When we brought our first child home from the hospital we were determined to be model parents. We soon acquired quite a library of books on how to bring up children. Unfortunately much of the counsel in those books was developed from research with groups of children from another planet. We’ve never met children who reacted as they were supposed to do when approached by parents using book techniques. Apparently there are clever ways to instruct children on the dangers of burning themselves on hot things, falling out of trees, or hitting little fingers with hammers. No matter how cleverly we presented the need for caution in these things, our children had a natural curiosity to try it anyway. That caused me to reflect on my own childhood learning experiences. It was only after I’d checked out whether the hotplate would in fact hurt me if I touched it that my brain registered the command, “Don’t do this in future!” That was much more effective than Mother’s warning. Parents are not omnipresent, and there are ample opportunities for a child to learn the real lessons in life. The nail in our foot reminds us we should indeed wear our boots like Mother told us to do in this locality. The tetanus injection follow up reinforces the point. Each accident of childhood places a marker in our brain. We learn by our mistakes, and as we develop intelligence in adulthood we’re able to extend these experiences into the philosophical realm. Our success in life depends on our ability to learn from the mistakes we’ve made.

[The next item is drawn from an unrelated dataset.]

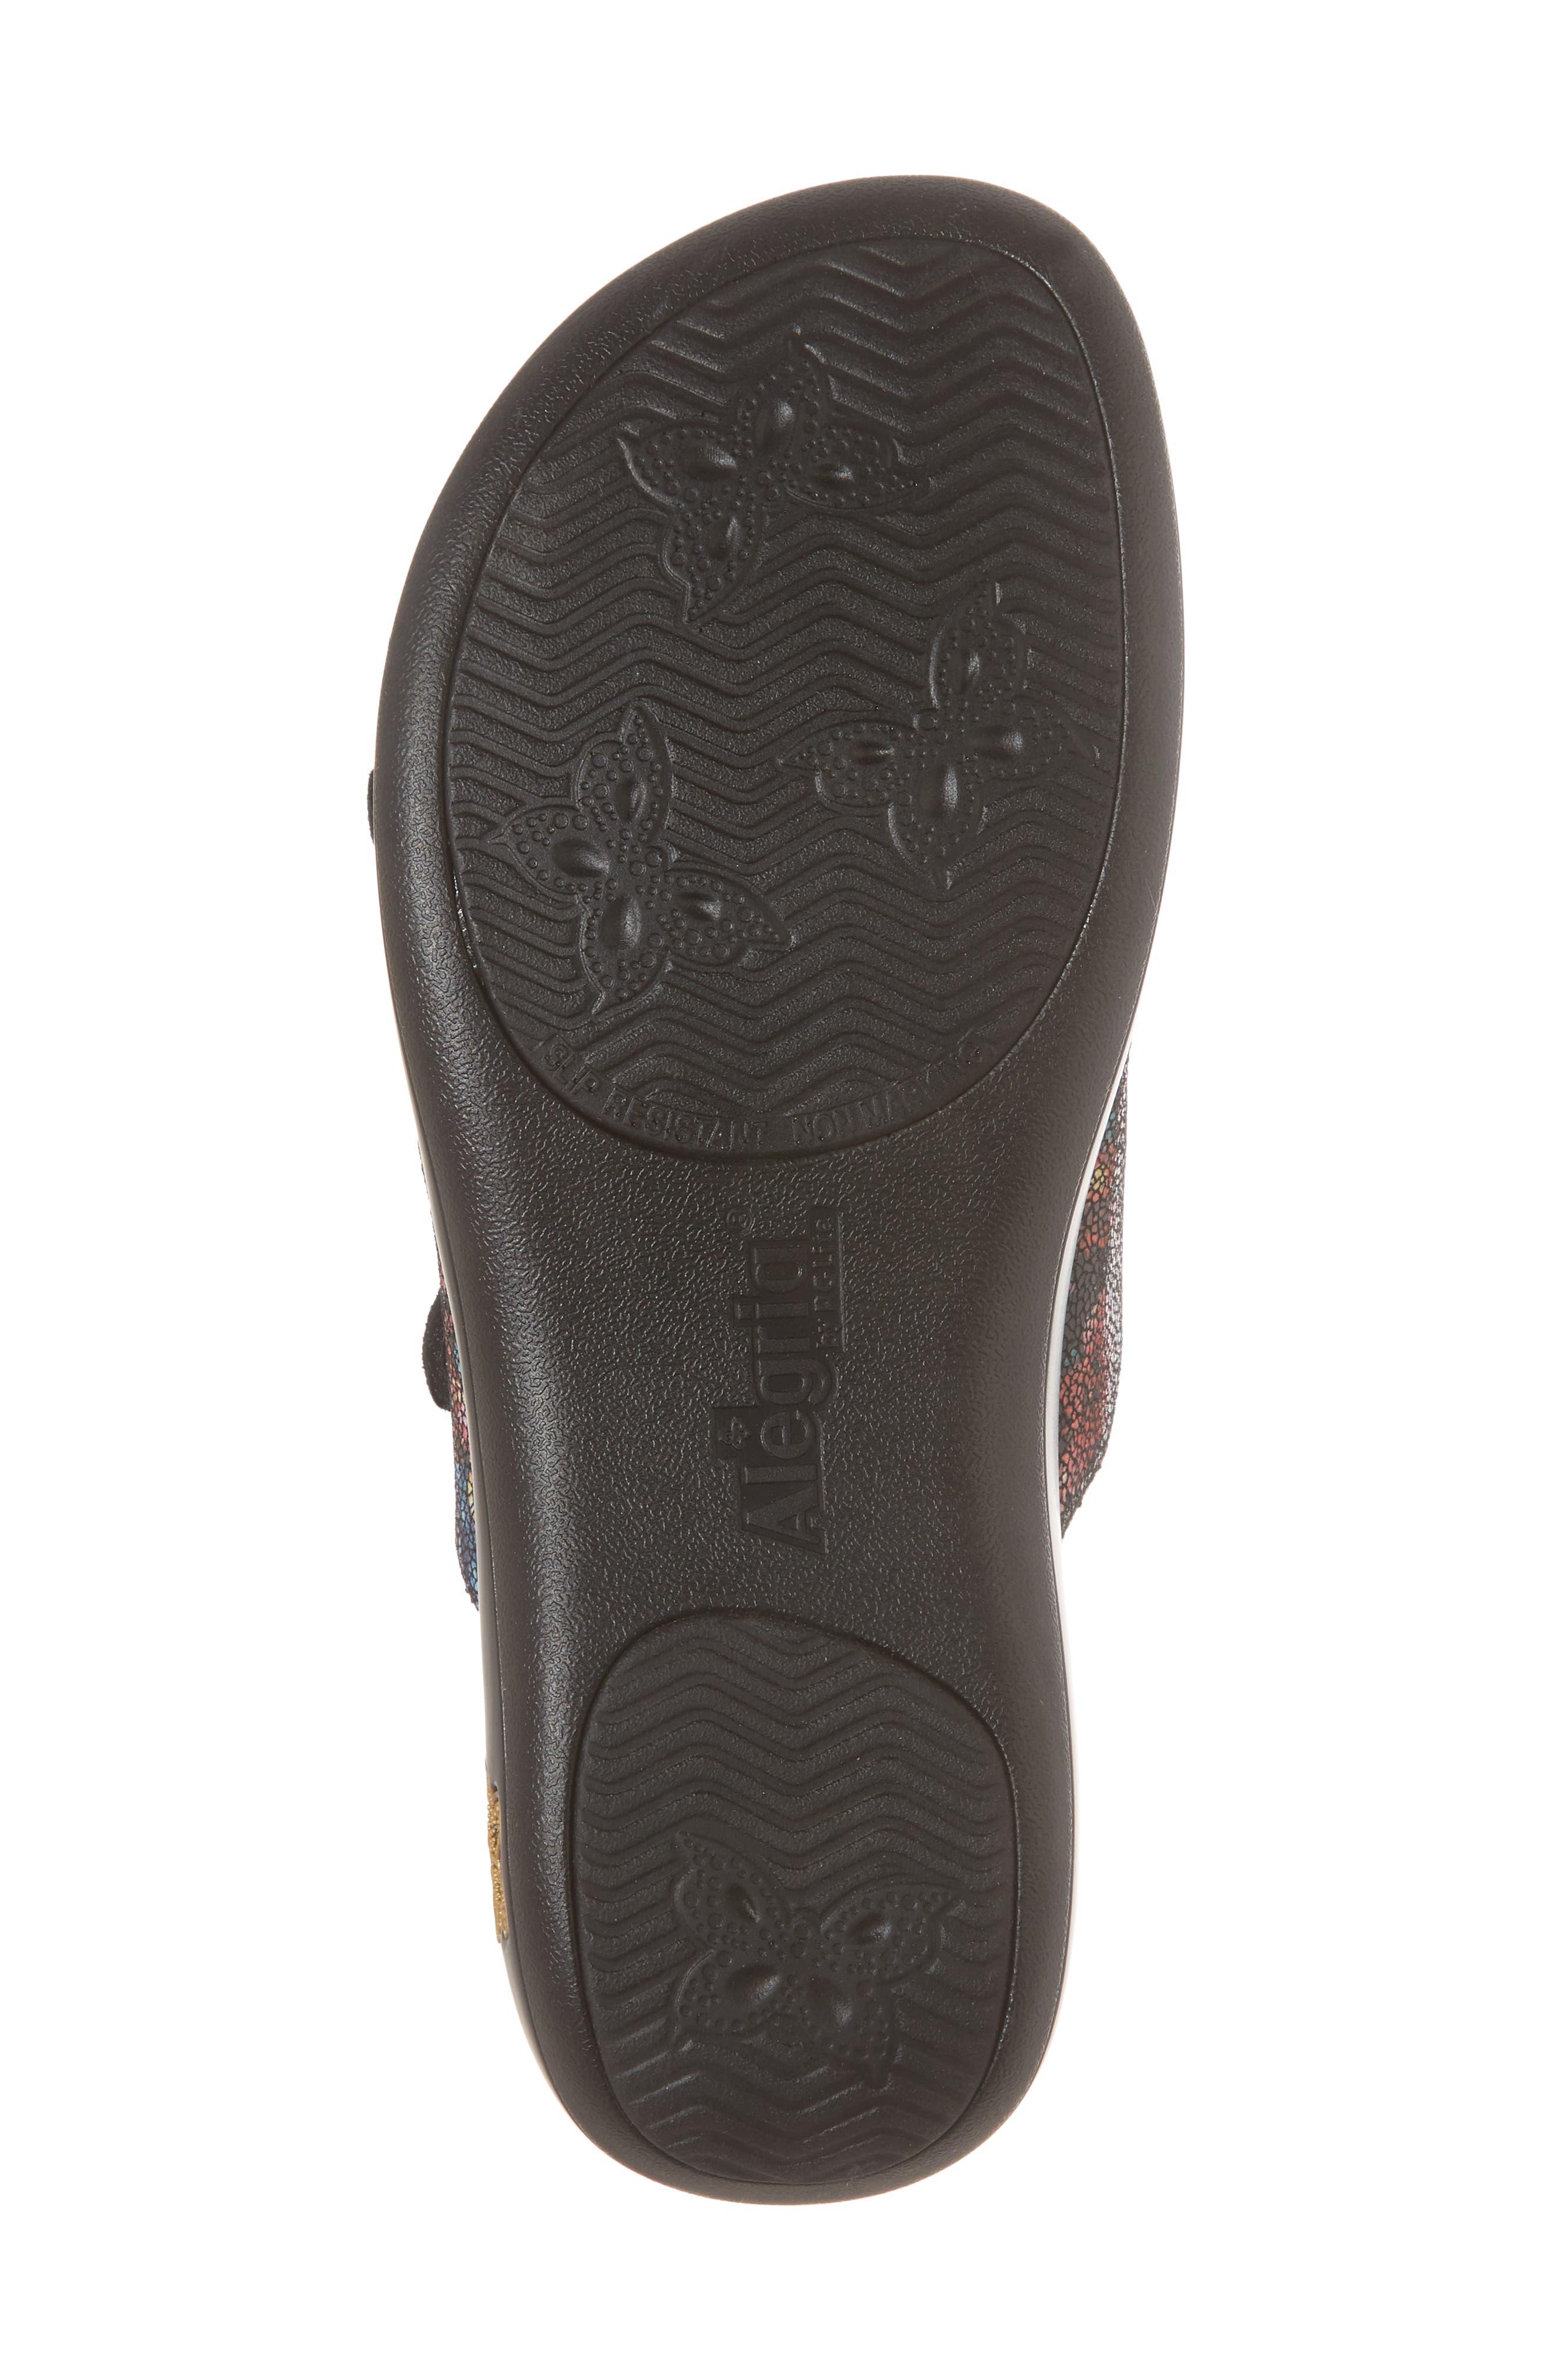 Jade Sandal,                             Alternate thumbnail 6, color,                             Florensic Files Leather

•Professionals can play anywhere, but wimps can only play on a level playing field.Communism failed because it claimed all citizens it was responsible for lived on a level playing field. Granted there were some segments of society initially better off under that political persuasion, but it didn’t take long for every citizen to understand they were living with a lie. Leaders had their dachas in the forests off limits to the general population, and they could afford the comfort of a Black Sea vacation. The average citizen struggled to find food, clothing and shelter, the basics in any hierarchy of needs. It was a noble idea that didn’t work well in practice. Human beings crave recognition and reward for their efforts, and if these are not forthcoming they’ve a tendency to lose initiative and drive. When the iron curtain came down, and the Soviets began to experiment with market reform the change of direction faltered and almost failed. The people had been conditioned to take orders, and they were frightened to take any initiative in case the regime changed and they were sent to Siberia for showing independent initiative. It took years to build a limited entrepreneurship mentality. The majority were content to live a Spartan, bleak existence hoping the government would provide for them without the annoyance of competition and professionalism. Wimps thrive in the environment of the so-called “level playing field” because it requires no effort or drive to play there.

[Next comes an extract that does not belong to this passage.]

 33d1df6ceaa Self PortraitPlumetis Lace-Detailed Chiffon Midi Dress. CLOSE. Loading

For those serious about bettering their lives there’s nothing to hinder achieving their dreams if they’re willing to put in the hard yards. We must have a willingness to adapt and learn from others, content to start at the bottom and learn the ropes as we progress, a clear vision as to where we want to be, and the tenacity and drive to achieve our dreams. Those who can make their mistakes stepping-stones to success and hold values associated with the work ethic will achieve success they’re seeking in life and enjoy the respect of society for their successful efforts.